Talk:Selector calculus

This article was nominated for deletion on February 5, 2006. The result of the discussion was no consensus.

I added the pov-stub based on the rather disputed nature of the claims made here. Its not clear to me that this is legit physics/math. See Heim theory and specifically Talk:Heim theory for details. linas 02:28, 8 May 2005 (UTC)[reply]

I agree with the above comment. I have a math degree from Harvard, what is written in the article is complete bullshit - tm.

Well, the Harvard man has certainly settled this for us! -eb

EB might be sarcastic, but from the "information" give here it seems that selector calculus is nonsense, mathematically speaking. ---CH 22:35, 5 February 2006 (UTC)[reply]

I've also got a solid background in mathematics, the guy from Harvard was apparently never taught how to use abstract mathematics to simulate unknown quantities, aspects or variables. There is nothing wrong here but your interpretation. ---M 20:13, 12 March 2006 (GMT)

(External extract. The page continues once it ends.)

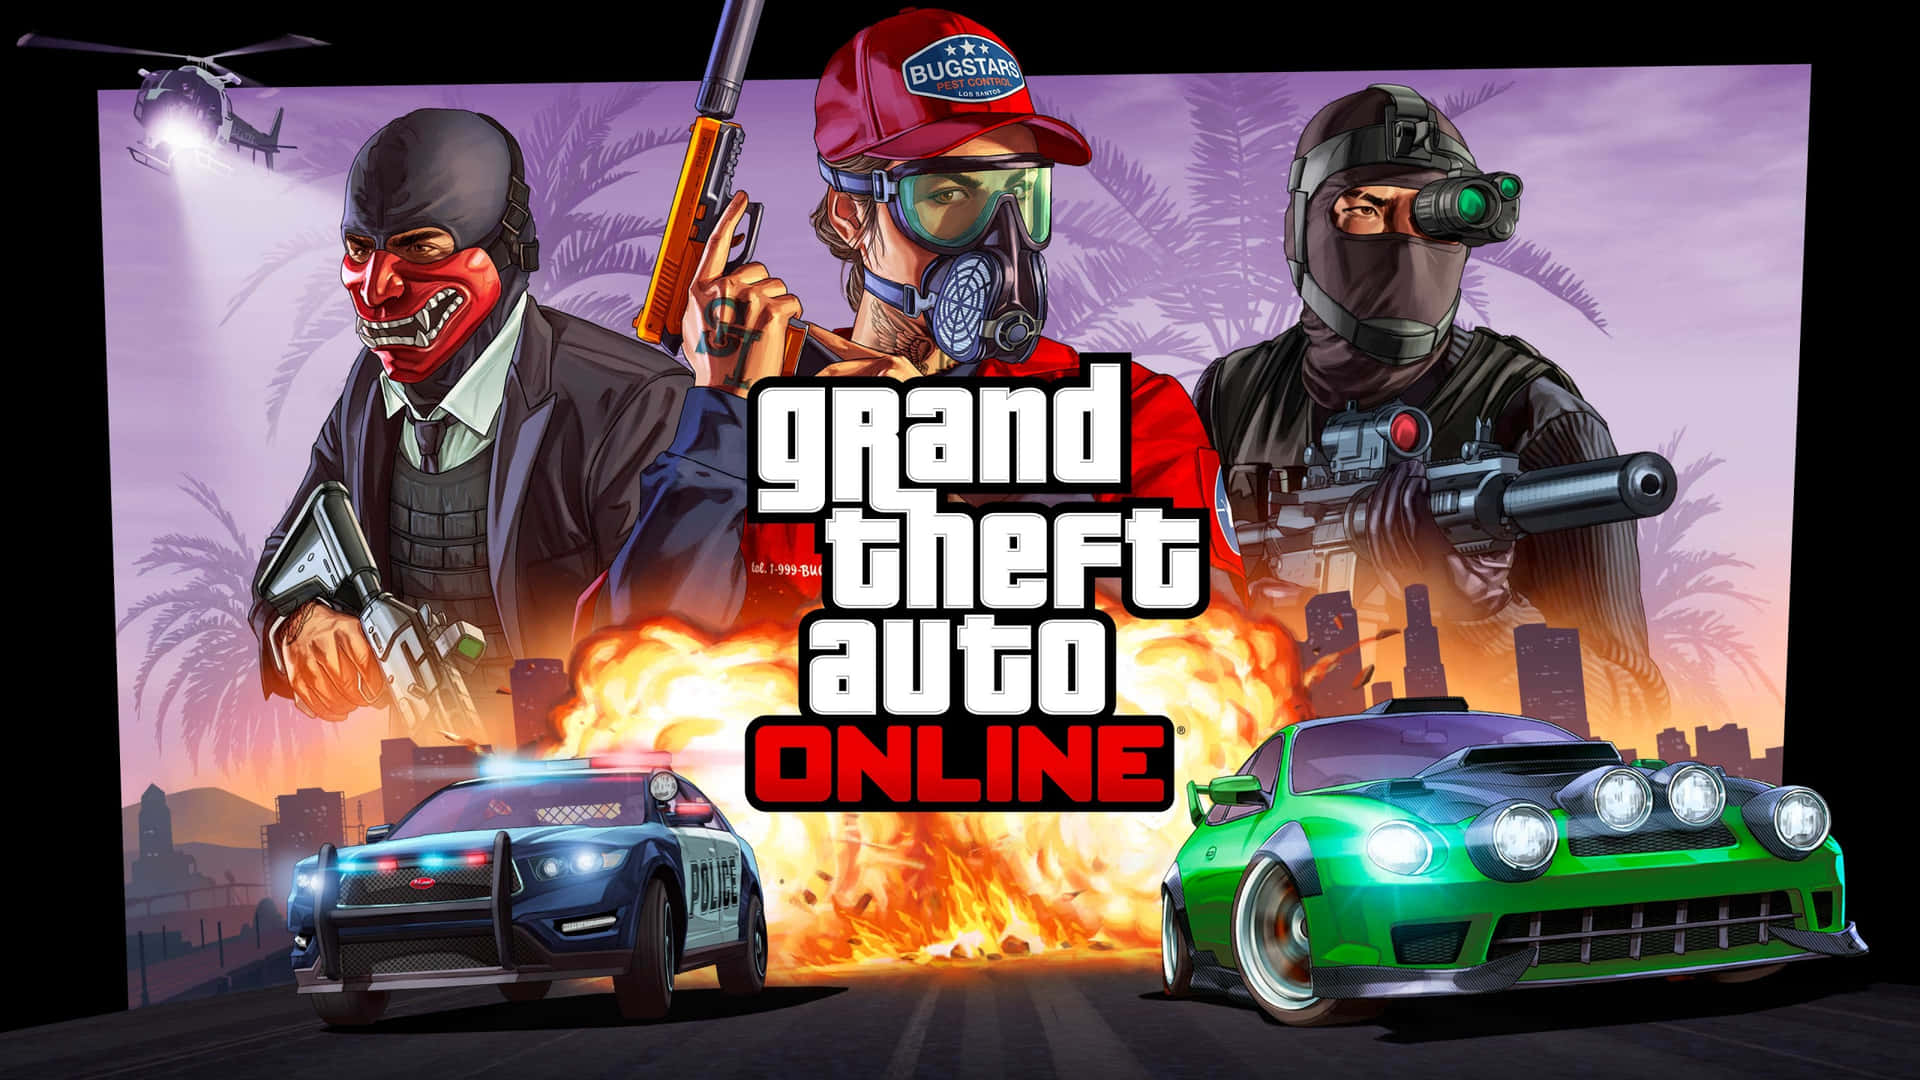 Grandtheft Auto Online - Gta Online - Gta Online - Gta Online - Gta Online. (the Sentence Is Already In English, So There Is No Translation Needed For A Portuguese Speaker.) Papel de Parede

Its a good job Newton didn't go to Harvard! 203.118.156.140 09:46, 10 May 2006 (UTC)[reply]

Infinities, continua, vacuums, and reifying the zero are nonsense. It looks to me as though Heim found an answer to Zeno of Elea. Mathemeticians may not like this development, that does not give them grounds to reject his work out of hand. In fact, the burden of proof is and always has been on those adopting the Platonic approach. 216.207.89.34 19:58, 18 January 2006 (UTC)Don Granberry.[reply]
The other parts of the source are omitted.